§ **What to produce**
Copy the listing that follows exactly. Its pictures do not belong in the copy.

§ **Supplied material**
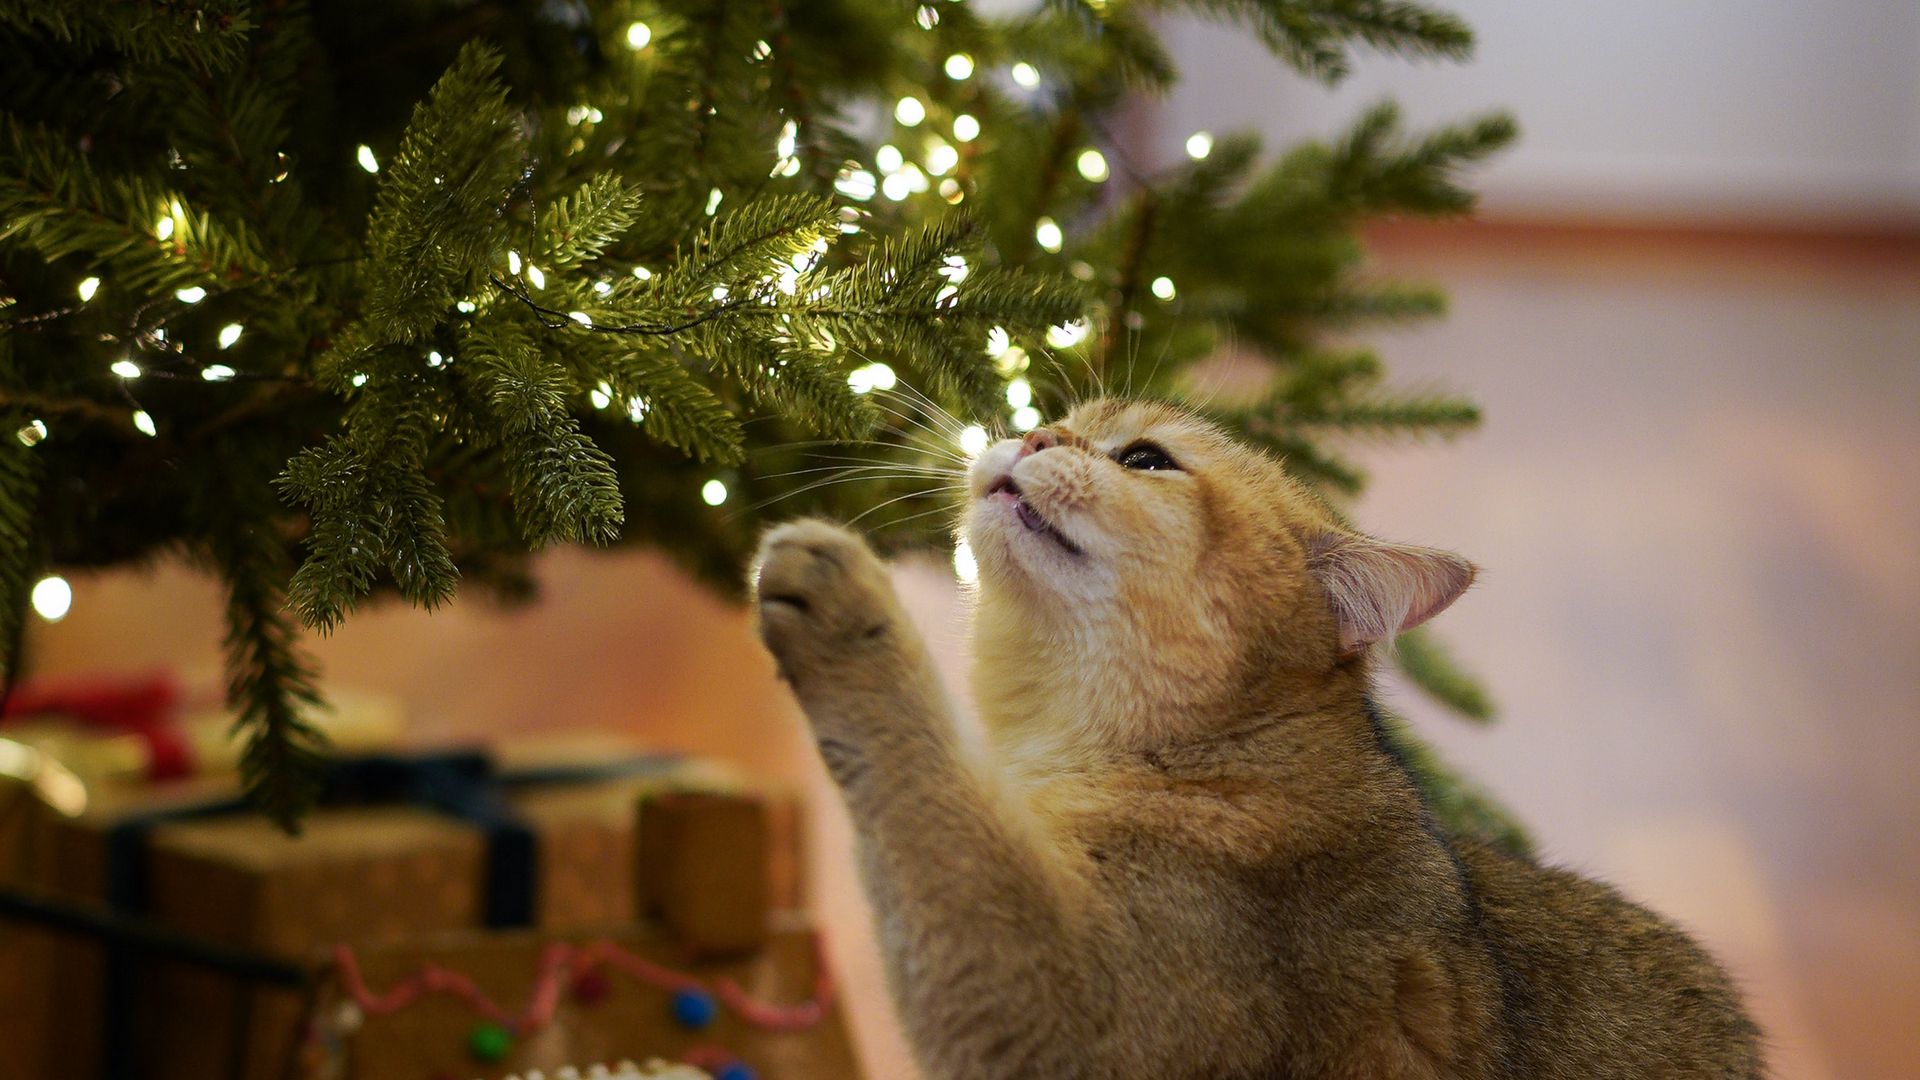 801 Christmas Cat Wallpaper Stock Photos  Free  RoyaltyFree Stock Photos  from Dreamstime
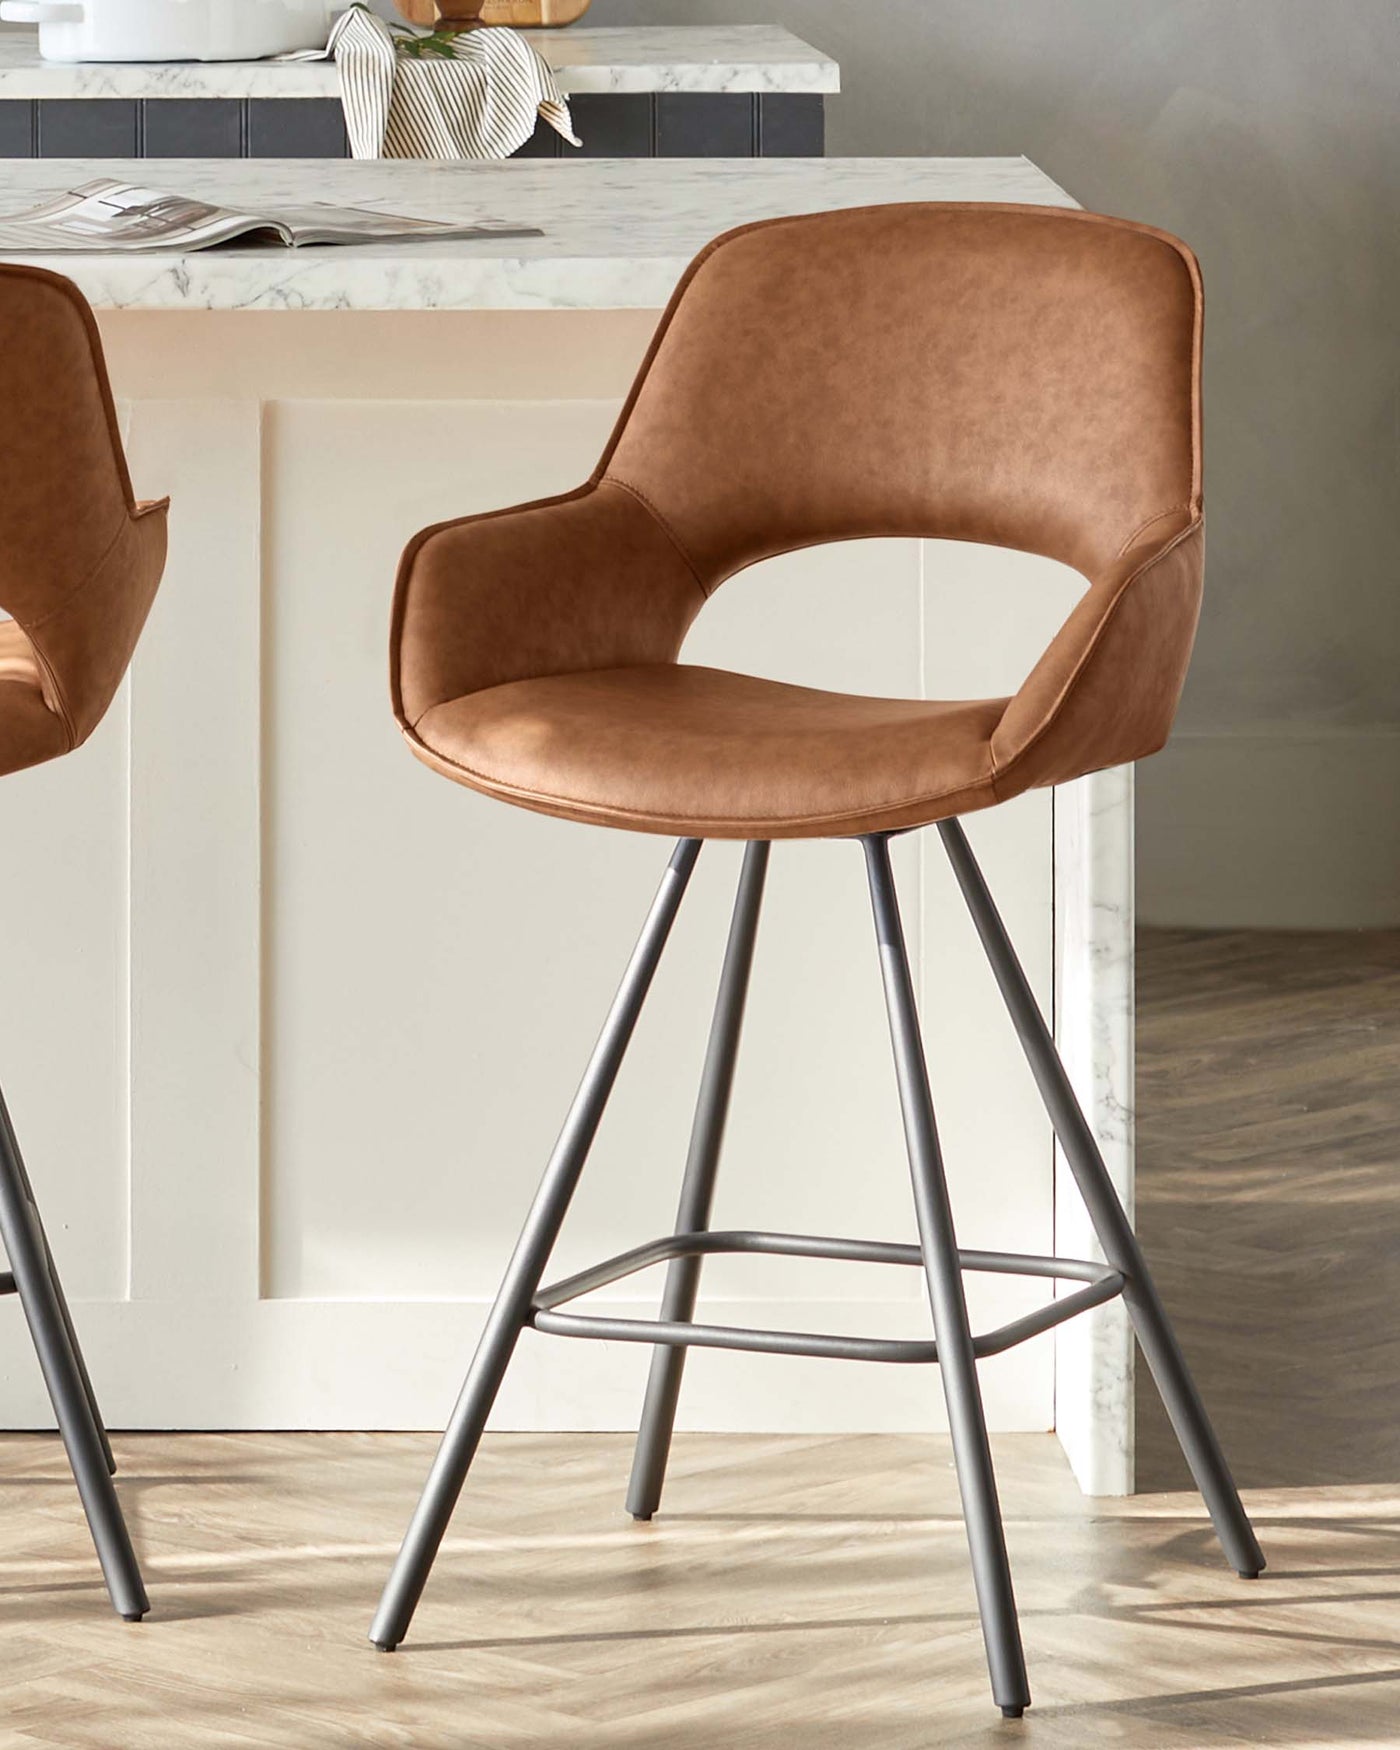 Elegant modern bar stool with a smooth caramel brown faux leather upholstery and curved backrest, featuring a minimalistic black metal frame with four legs and footrest for added comfort.
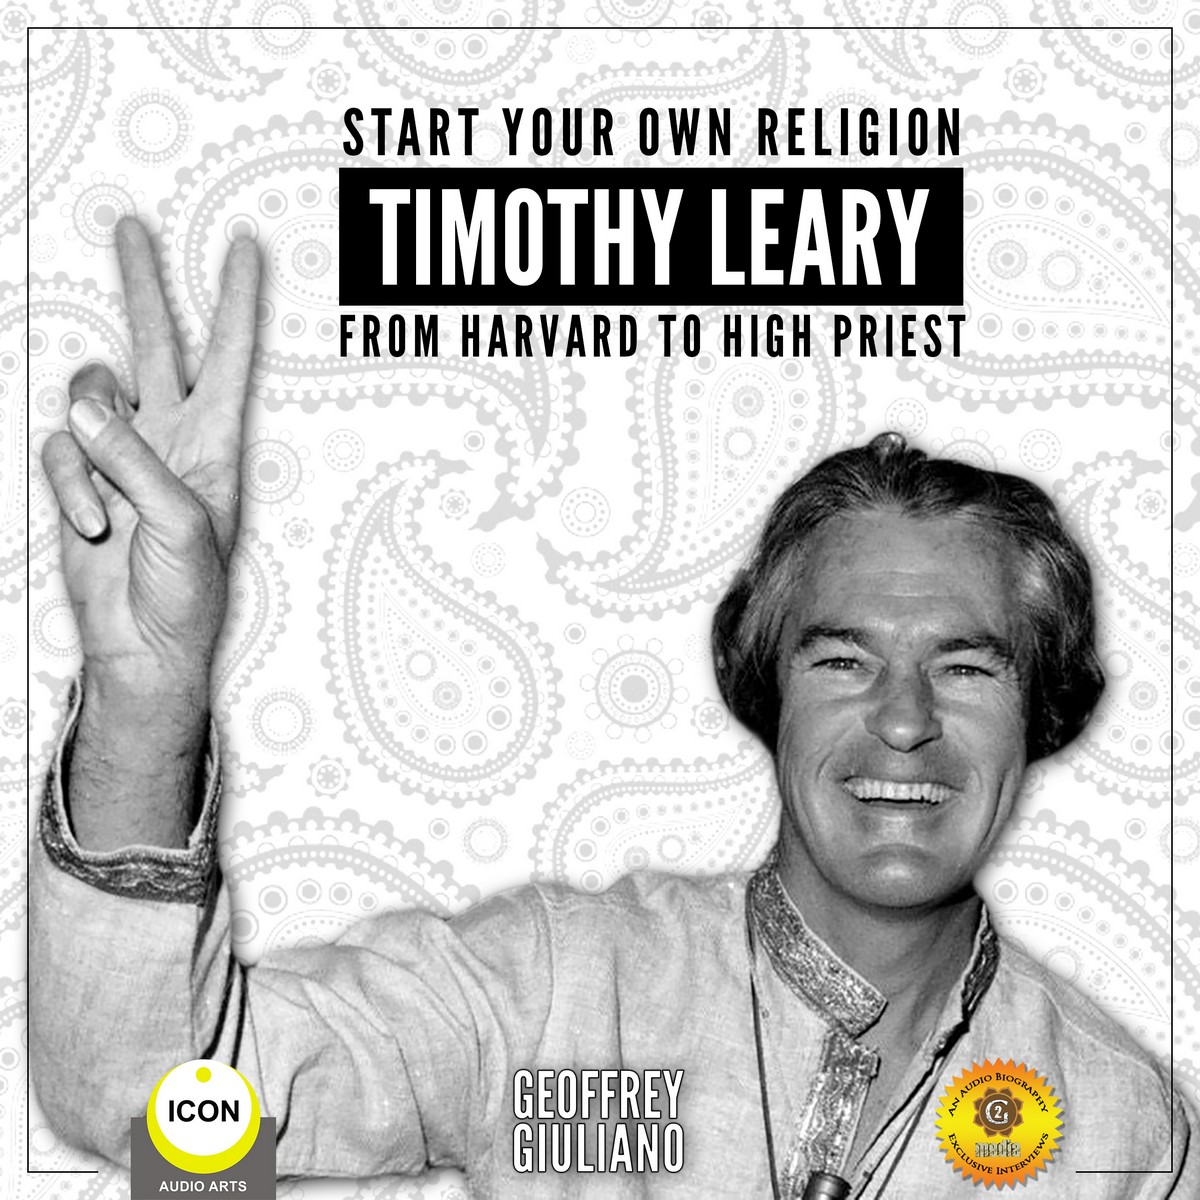 Start Your Own Religion Timothy Leary – From Harvard to High Priest
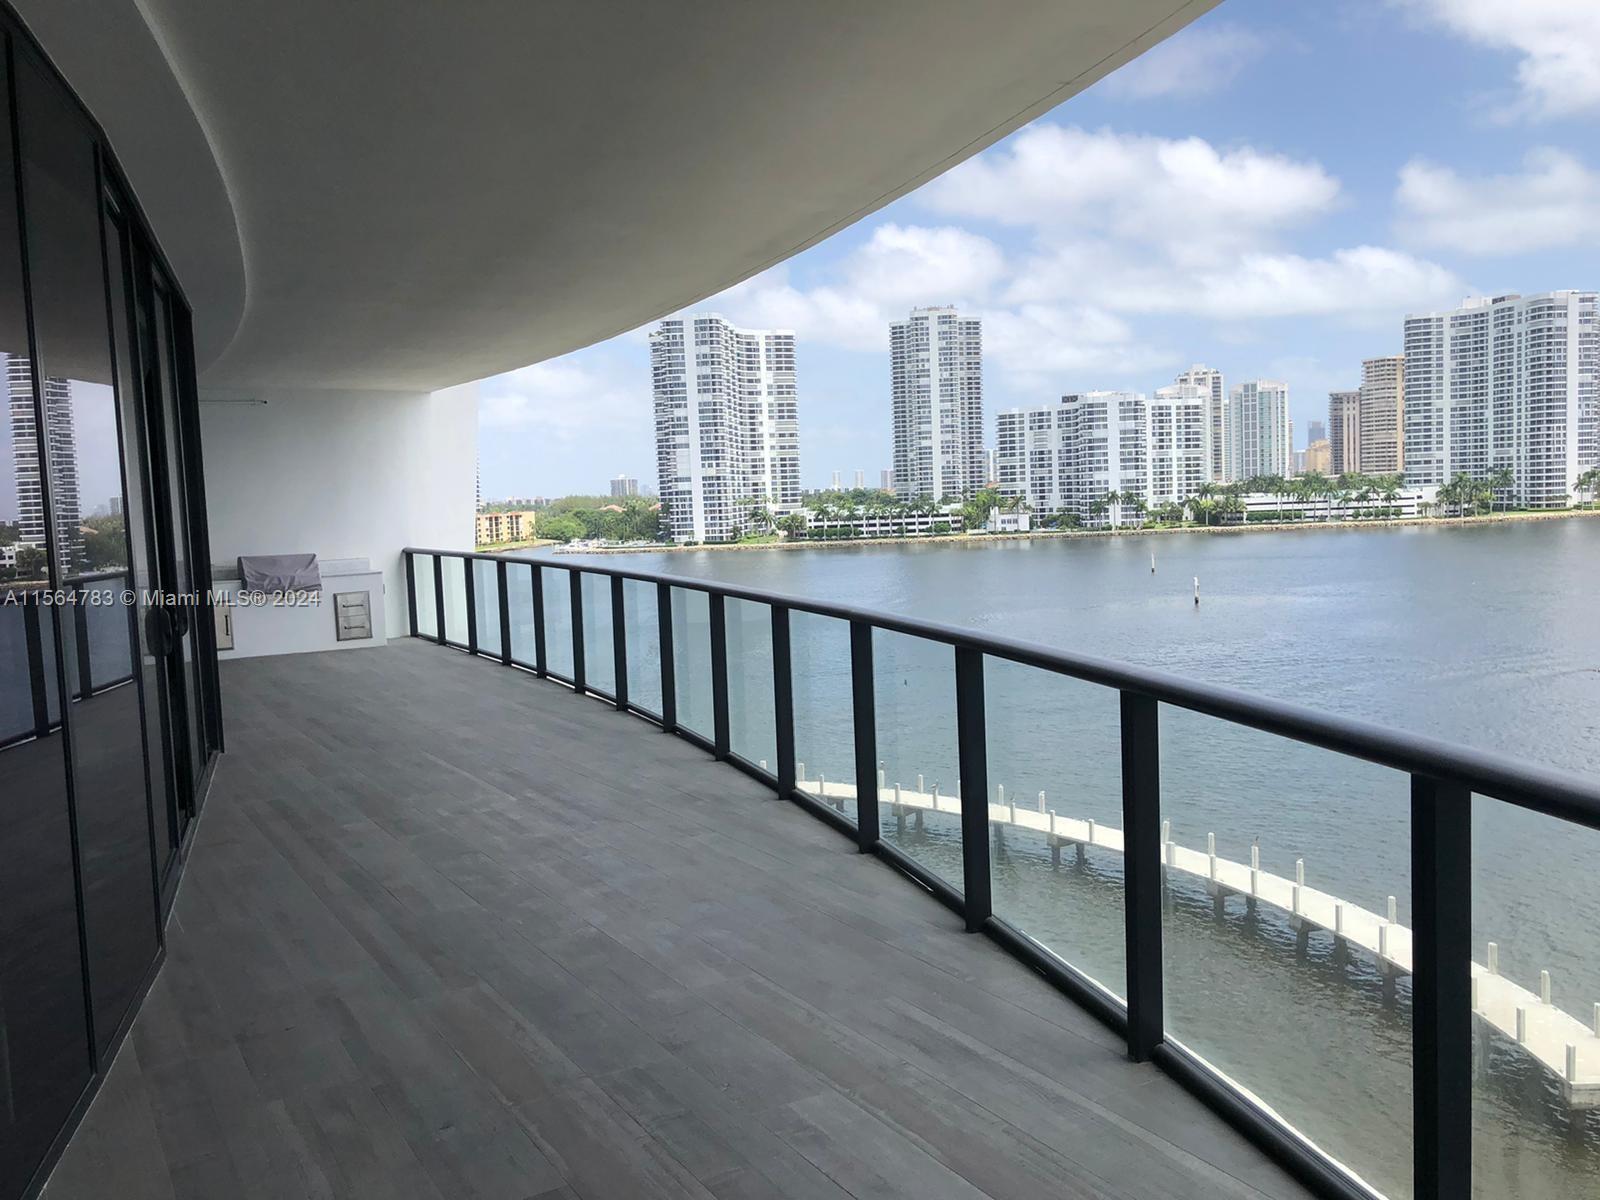 Private Island exclusive life style. Unparalleled to any other property in Miami. Large 2 bedroom/2

§ **Task output**
 801 Christmas Cat Wallpaper Stock Photos  Free  RoyaltyFree Stock Photos  from Dreamstime
 Elegant modern bar stool with a smooth caramel brown faux leather upholstery and curved backrest, featuring a minimalistic black metal frame with four legs and footrest for added comfort.
 Start Your Own Religion Timothy Leary – From Harvard to High Priest
 Private Island exclusive life style. Unparalleled to any other property in Miami. Large 2 bedroom/2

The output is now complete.